На Востоке (Павленко) - страница 4

Шлегель нагнулся к Лузе и сказал ему:

— Если душа горит, приходи ко мне, дам дело. Тебя тишина заела, а никакой тишины, брат, нет. Это болезнь у тебя. В тишине-то…

И он не удержался, рассказал о человеке, не то Мурусиме, не то Матвее Матвеевиче.

— А ведь он, вернее всего, через твой колхоз ходит к нам, где-то в твоих местах пробирается.

— Если через меня ходит, так в последний раз прошел, — торжественно сказал Луза, а Шлегель отвернулся от него и злобно вздохнул.

Он только что сделал три тысячи километров по воздуху, двое суток валялся в охотничьем чуме и теперь возвращался к себе домой в неудобном, переполненном поезде.

Поглядев на Шлегеля, никто б не сказал, что человек этот не спал две или три ночи, не будет спать, наверно, и завтра, что он умеет из двадцати четырех часов любых суток выжимать для бодрствования часов до восемнадцати, до двадцати, «не теряя формы».

Шлегель был старым чекистом — любил хорошо выглядеть. Тонкая рослая фигура его казалась мальчишеской. Лет после тридцати двух талия исчезает у делового человека, но у Шлегеля она — девичья. Ноги худощавы, даже, пожалуй, тонки, по сравнению со всей фигурой, и щеголеваты, — он ими мало работает. Зато руки крепки, спокойны, могучи в плечах. Одет он чисто и ловко, может быть, даже несколько франтовато, — хоть сейчас на парад. Глядя на него, можно подумать, что человек едет в отпуск.

Поезд шел нехотя. На пустых станциях стояли неторопливые поезда. Их отправляли по очереди. Пассажиры болтали без умолку о политике, о близкой войне, о том, что Ворошилов велел оборонять Дальний Восток до последней капли крови.

Рабочие с запада говорили на условном языке: Риддер, Свирьстрой, Стальгрэс, Сельмашстрой, Челяб, Магнитка, Ха-Тэ-Зэ, бесклинкерный цемент, Березники, отказчики, функционал, социалка.

Пьяный охотник, слушая о коммунах, весело кричал в пространство:

— Деньги вместе, счастье врозь! Ты совесть дели, а семь рублей шесть гривен я с тобой делить не буду. — И хлопал по плечу тонкую смуглую девушку, молчаливо прикорнувшую напротив него.

— Верно я говорю?
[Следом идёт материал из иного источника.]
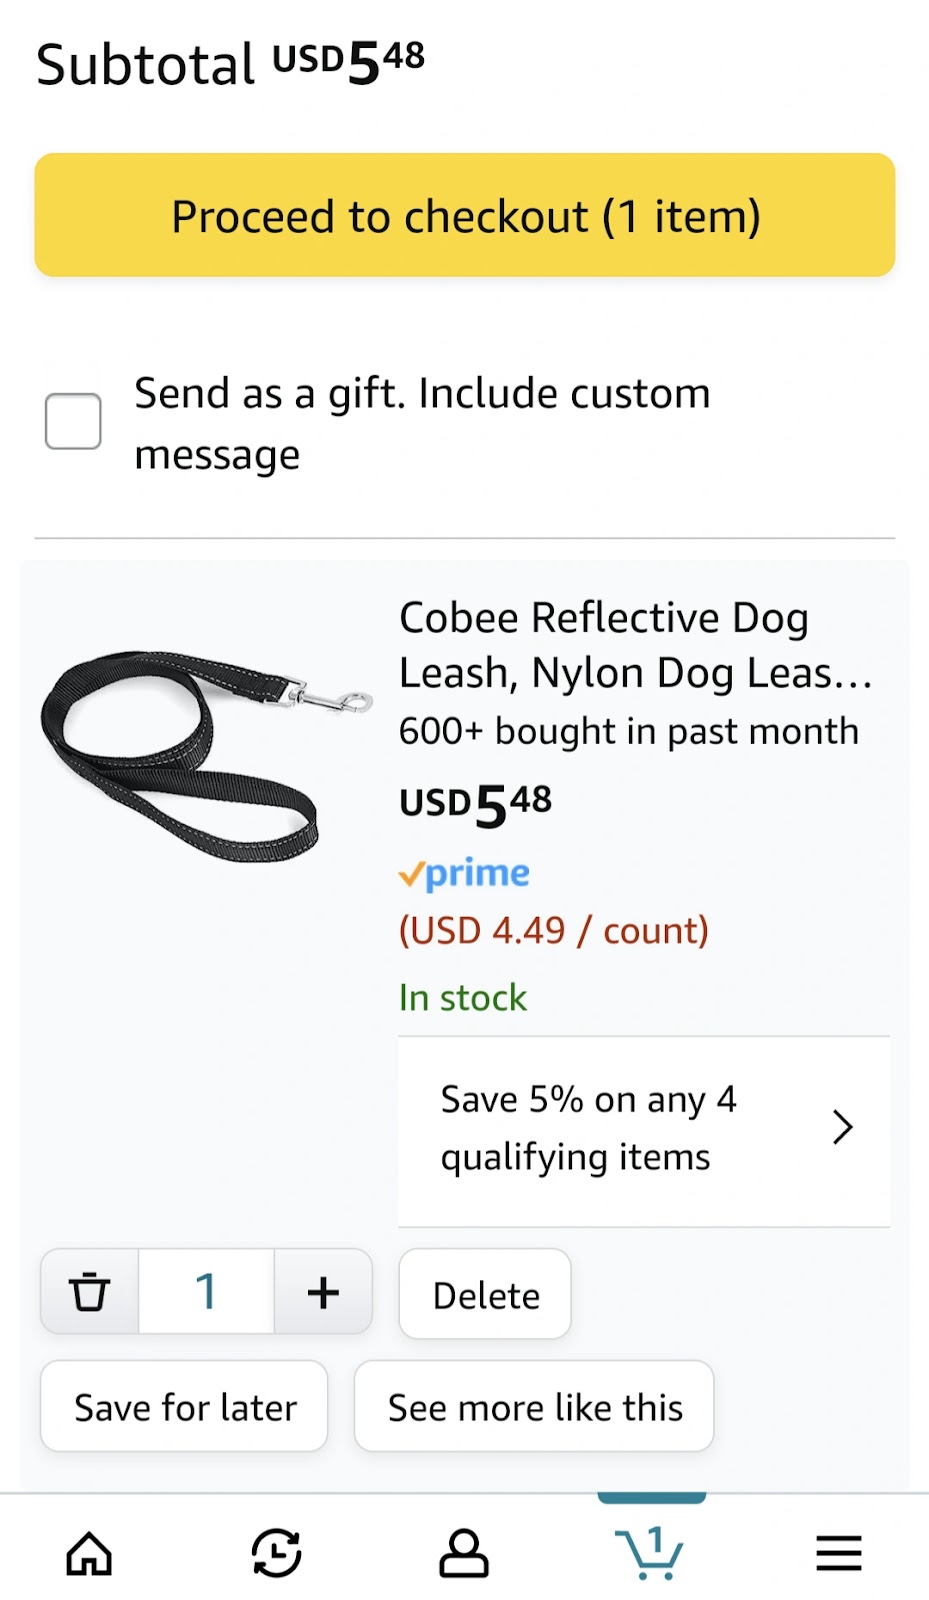 A product added to the cart on a desktop version of the Amazon website

Вы мужняя, или как?

— Нет, я не мужняя, не трогайте меня, — просила девушка, и охотник весело и озорно хлопал ее по ноге.

— Всю Сибирь проехала, — удивился он, — а замуж не вышла? На пять! Беру с полной гарантией.

Шлегель уступил девушке свое место.

— Из Москвы? — осторожно спросил он, оглядывая лицо девушки, до странности привлекшее его.

— Да, из Москвы.

Лицо и вся фигура девушки поражали своей противоречивостью, как будто в ней столкнулись два типа — бледной, голубоглазой северянки и смуглой южанки — и, не умея поделить ее между собой, грубо и небрежно соединили северную неуклюжесть с южной тонкостью и озорством. И вместе с тем облик девушки был необыкновенно привлекателен. Шлегель подумал, что в ее натуре всего, что нужно, или наполовину меньше, или наполовину больше, и что такие люди необузданны даже в мелочах.